One caveat of our study is that the rTg-D rats, aged 20-24 M, in the proteomic analysis were not aged matched with the control WT rats, aged 12 M, and therefore it is possible that some of the observed protein expression changes are a result of normal aging in the rat brain. However, WT rats aged to 24 M do not exhibit CAA or severe related pathologies, such as cerebral microbleeds, suggesting the rTg-D proteome would be similarly different from 24 M WT rats. Nevertheless, to control for this potential confounding variable, it would be important to compare rTg-D rats with age matched WT rats in all future proteomic studies.

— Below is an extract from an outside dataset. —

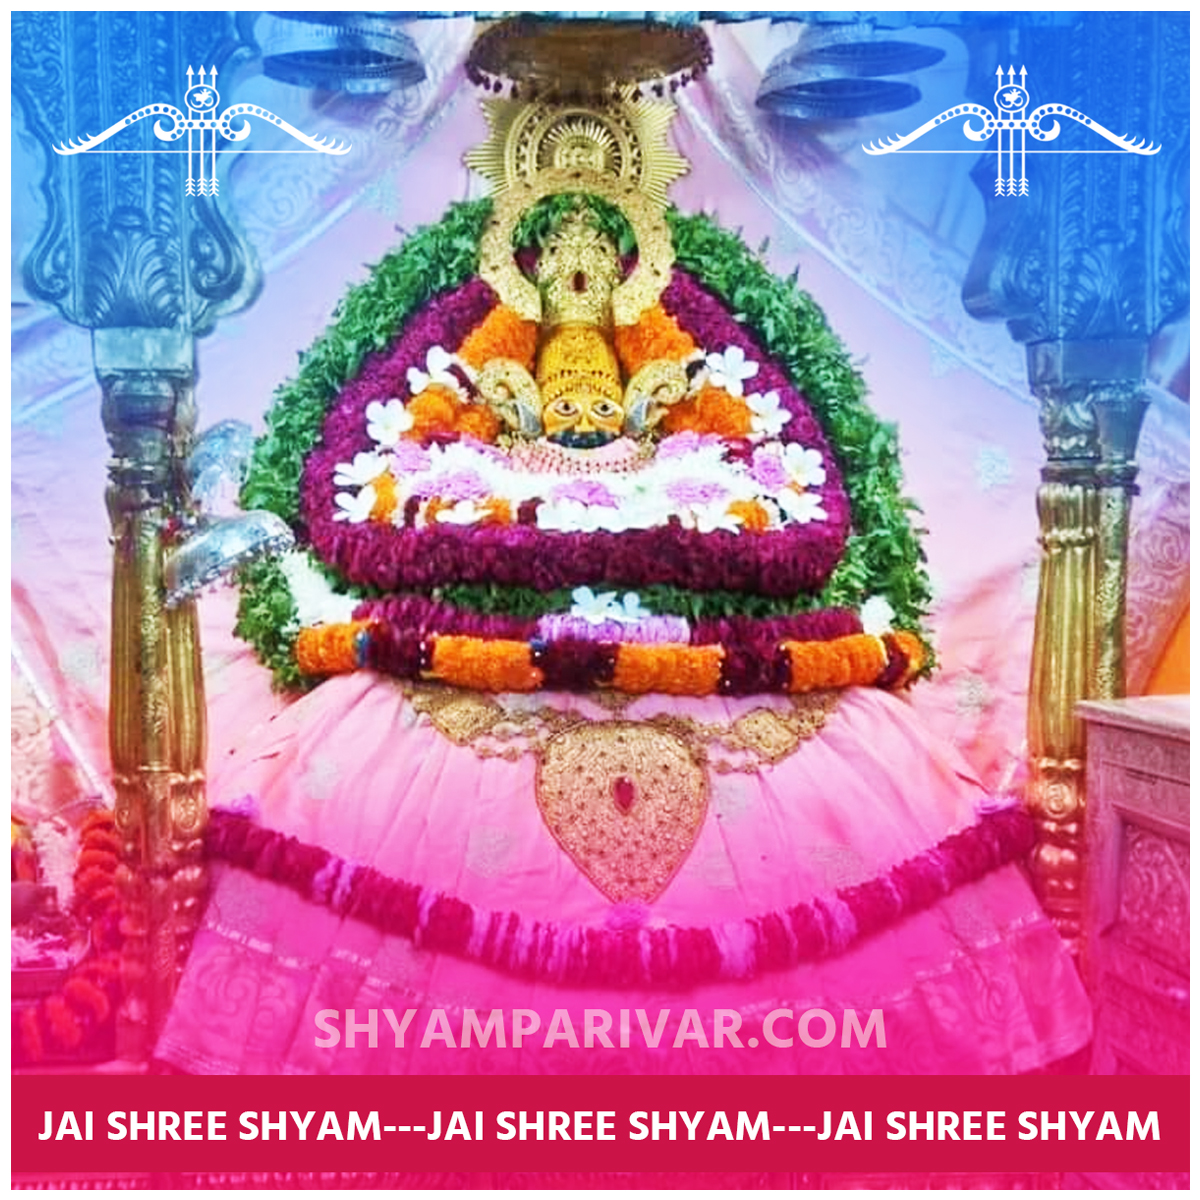 Khatu shyam ji darshan LIve today photos, images and wallpaper

Down regulation of TUBB2A, TUBA4A, and TBCA (Figure 7) could be indicative of microtubule destabilization, which often contributes to neurodegeneration observed in CAA and ADcases.⁵² Additionally, TBCA is reported to harbor an essential role in maintaining cell viability, as its silencing caused cytoskeleton disruption that ultimately lead to cell cycle arrest and cell death.⁵³ Finally, MBP, with known essential roles in axonal myelination and stabilization⁴⁷ was also decreased in the rTg-D rats.⁵⁴ Taken together, these downregulated proteins suggest a signature of microtubule and axonal destabilization, demyelination, and neurodegeneration, and could point to mechanisms underlying the neuronal dysfunction leading to cognitive impairment observed in CAA type-2.

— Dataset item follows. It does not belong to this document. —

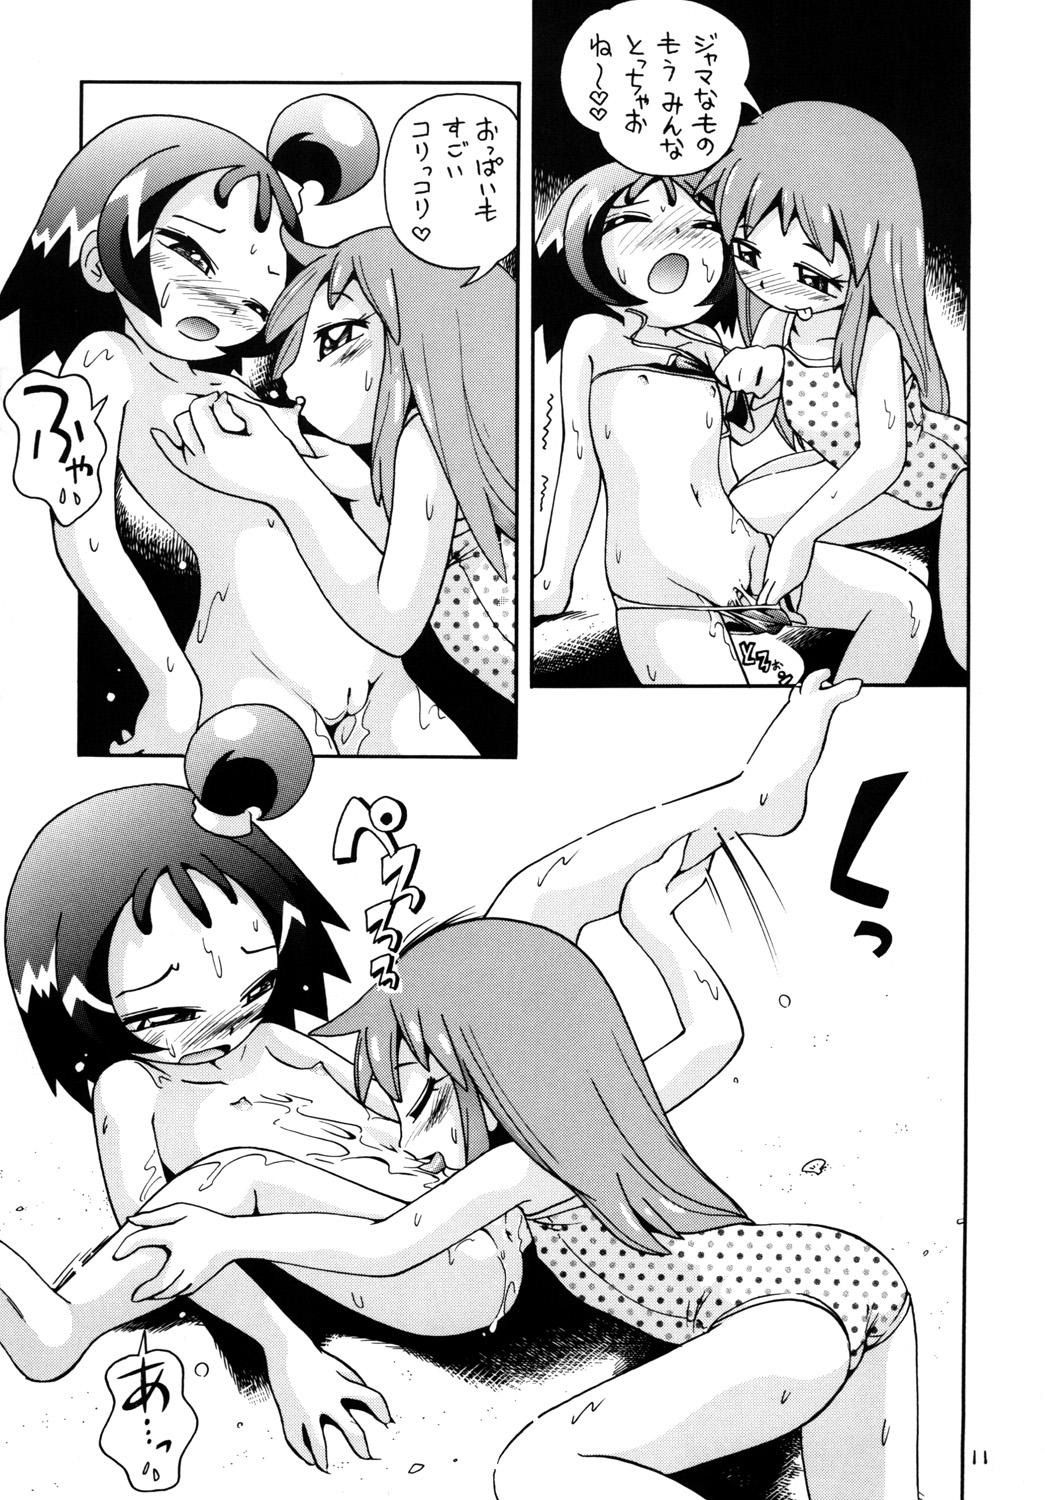 Butt Sex Puchi Pure - Ojamajo doremi Azumanga daioh 18 Year Old Porn - Page 10

Numerous studies including transcriptomic analysis of human hereditary Dutch-type CAA, and our previous analysis of the rTg-DI rat model, have linked upregulation of TGF-β1 and CAA.^45,66,67 Therefore, despite not detecting TGF-β1 in our proteomic analysis, we investigated evidence of TGF-β1 activation using IPA pathway analysis by mapping all proteins within our dataset linked to TGF-β1 (Figure 9A). The expression pattern of these proteins was consistent with activation of TGF-β1, and we then confirmed TGF-β1 upregulation in the rTg-D rats via ELISA (Figure 9B). Due to its various reported functions, TGF-β1 has a complicated relationship with blood-brain barrier (BBB) integrity, both reported to induce endothelial to mesenchymal transition that can lead to BBB dysfunction, but also can promote tight barrier phenotypes in brain endothelial cells and reduce BBB permeability.^59,60 Additionally, TGF-β1 has been associated with BBB dysfunction and leakage in long COVID-associated cognitive impairment.⁶⁸ Therefore, while increases in TGF-β1 gene and protein expression in CAA are established, whether this is a contributory or compensatory mechanism in CAA pathologic progression and loss of BBB integrity requires further investigation.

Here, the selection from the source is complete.